Sekilas pencapaian ini dapat terlihat sebagai sebuah prestasi, tetapi jika diteliti lebih mendalam maka muncul persoalan. Ternyata industri nasional yang tumbuh di era Orde Baru sebagian besar bukanlah industri yang berdaya saing tinggi, melainkan merupakan industri tradisional. Industri tradisional ini dijalankan oleh SDM dengan keahlian yang tidak terlalu tinggi. Oleh karenanya maka menjadi wajar jika produk industri nasional pada jaman itu berkisar dari produk tekstil, garmen, alas kaki, furnitur ( mungkin juga termasuk gendang ), produk kayu, kertas dan produk kertas.

Memasuki era Reformasi, kondisi perindustrian justru semakin parah. Pada periode 1999 -- 2004, pertumbuhan industri pengolahan menurun ke angka 5 persen pertahun kendati angka ini masih lebih tinggi daripada pertumbuhan GDP tahunan pada kurun waktu sama yang hanya tumbuh 4 persen. Akan tetapi penurunan ini bukannya berhenti malah terus berlanjut. Pada periode 2005 -- 2014, pertumbuhan industri pengolahan turun lagi dari 5 persen ke kisaran 4,6 persen.

Penurunan ini juga menjadikan sektor perindustrian mengalami pertumbuhan yang lebih rendah ketimbang GDP yang bisa tumbuh 5,8 persen pertahun pada periode yang sama. Selain itu kontribusi sektor perindustrian bagi PDB juga menurun dari 27 persen pada 1997 dan sempat mencapai rekor tertinggi hampir 30 persen pada tahun 2001 lalu terus  menurun menjadi 23 persen di tahun 2014.
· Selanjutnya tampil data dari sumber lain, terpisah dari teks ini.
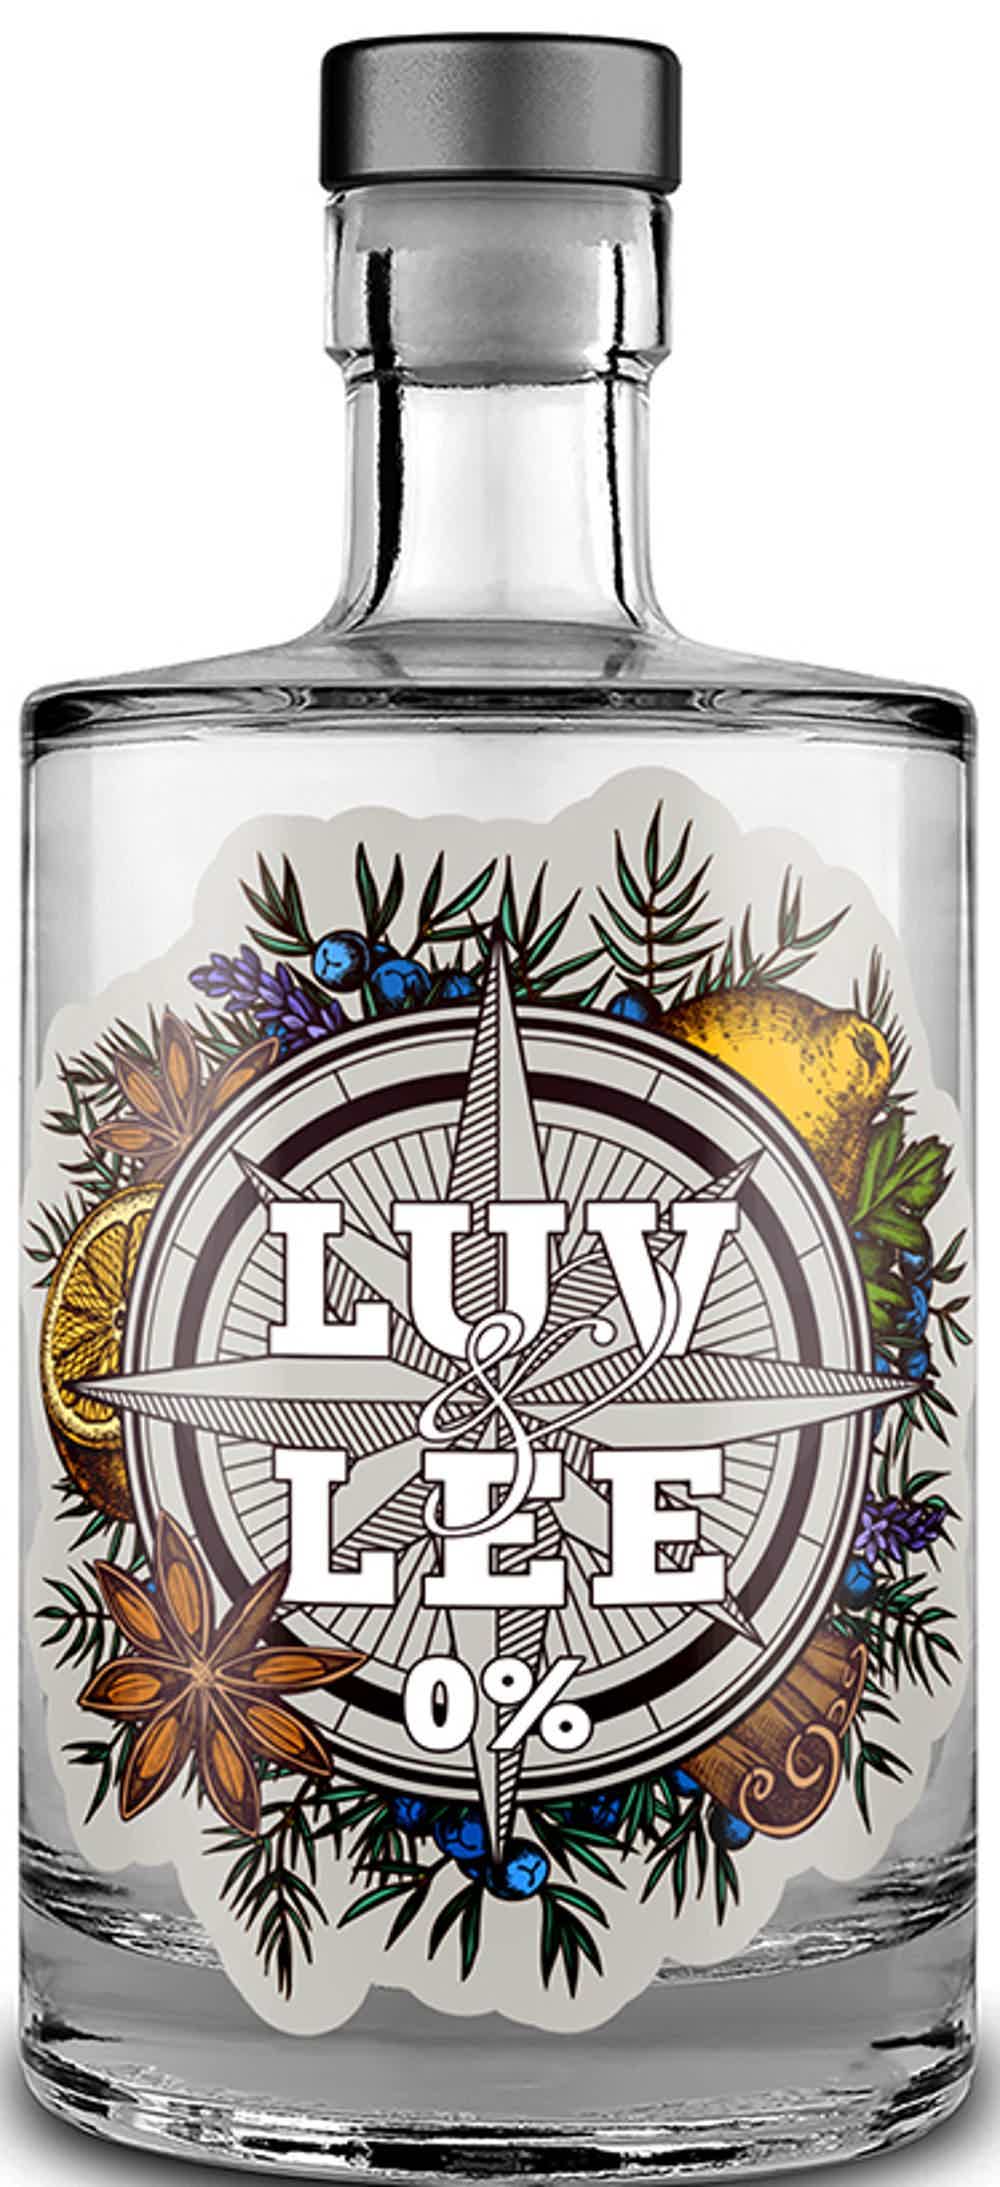 LUV & LEE 0% / NON-ALCOHOLIC GIN 0.0% 0.5L, Non alcohol
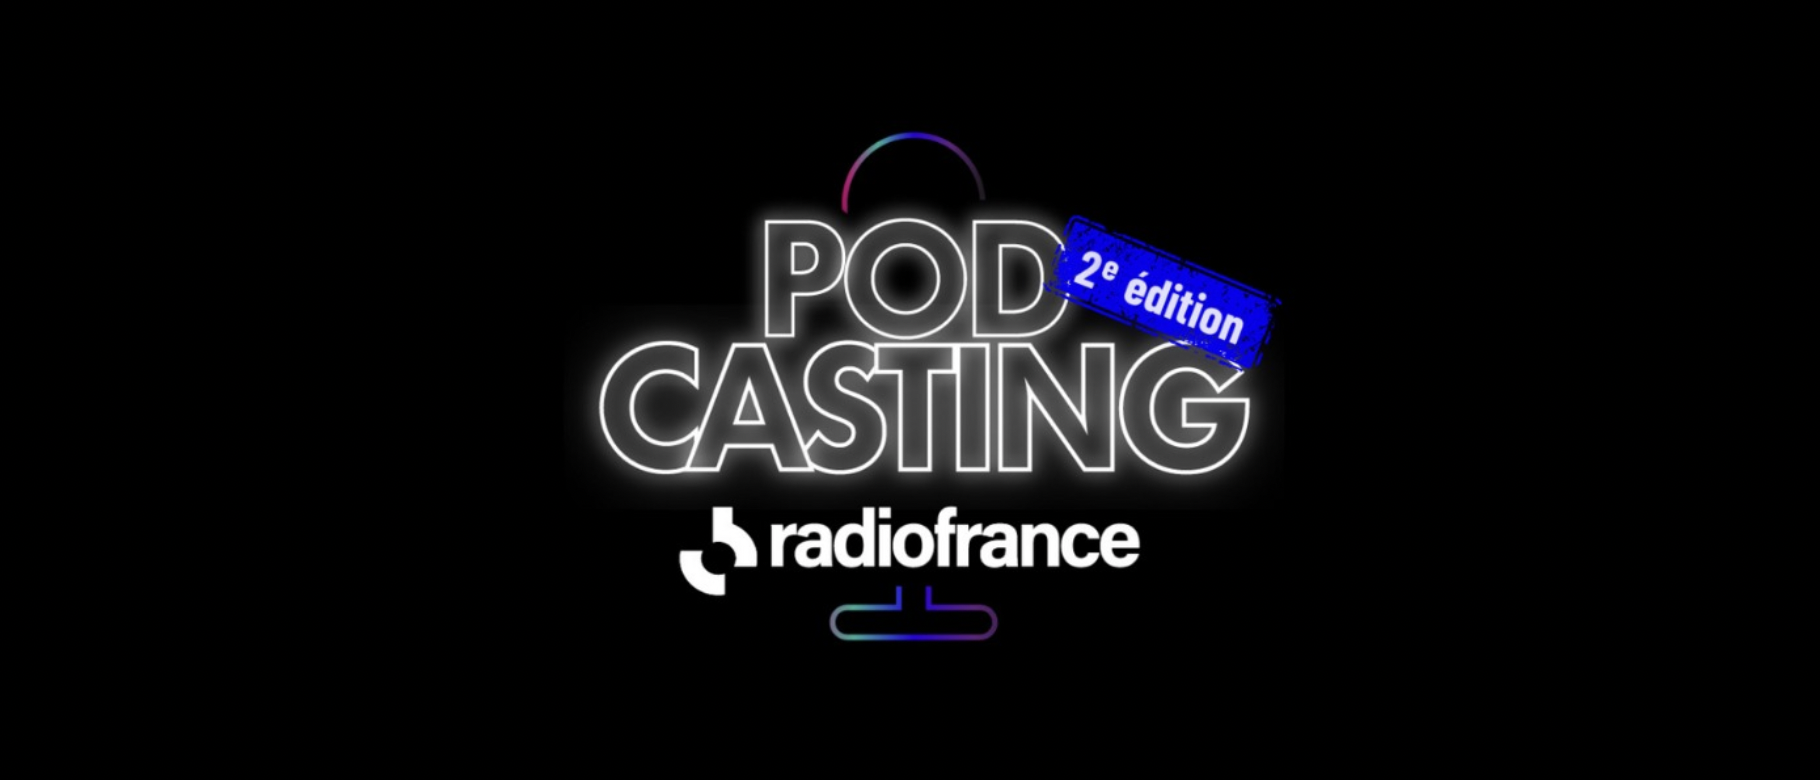 Radio France lance la 2e édition de Pod'casting

Selain fakta diatas, industri nasional juga mengalami stagnasi dalam kontribusinya terhadap total ekspor.  Hal ini terlihat salah satunya dari fakta bahwa kontribusi sektor perindustrian terhadap total ekspor pada 2014 sebesar 67 persen, tidak jauh berbeda dari keadaan 14 tahun sebelumnya yang memberikan kontribusi 68 persen terhadap total ekspor. 

Sesungguhnya penurunan kontribusi dalam total ekspor tidak hanya dialami oleh sektor perindustrian saja, melainkan juga dialami oleh banyak sektor ekonomi lainnya seperti pertanian dari 4 persen menjadi 3 persen hingga sektor migas yang mengalami penurunan kontribusi paling tinggi, yaitu dari 23 persen pada tahun 2000 menjadi 17 persen pada 2014. 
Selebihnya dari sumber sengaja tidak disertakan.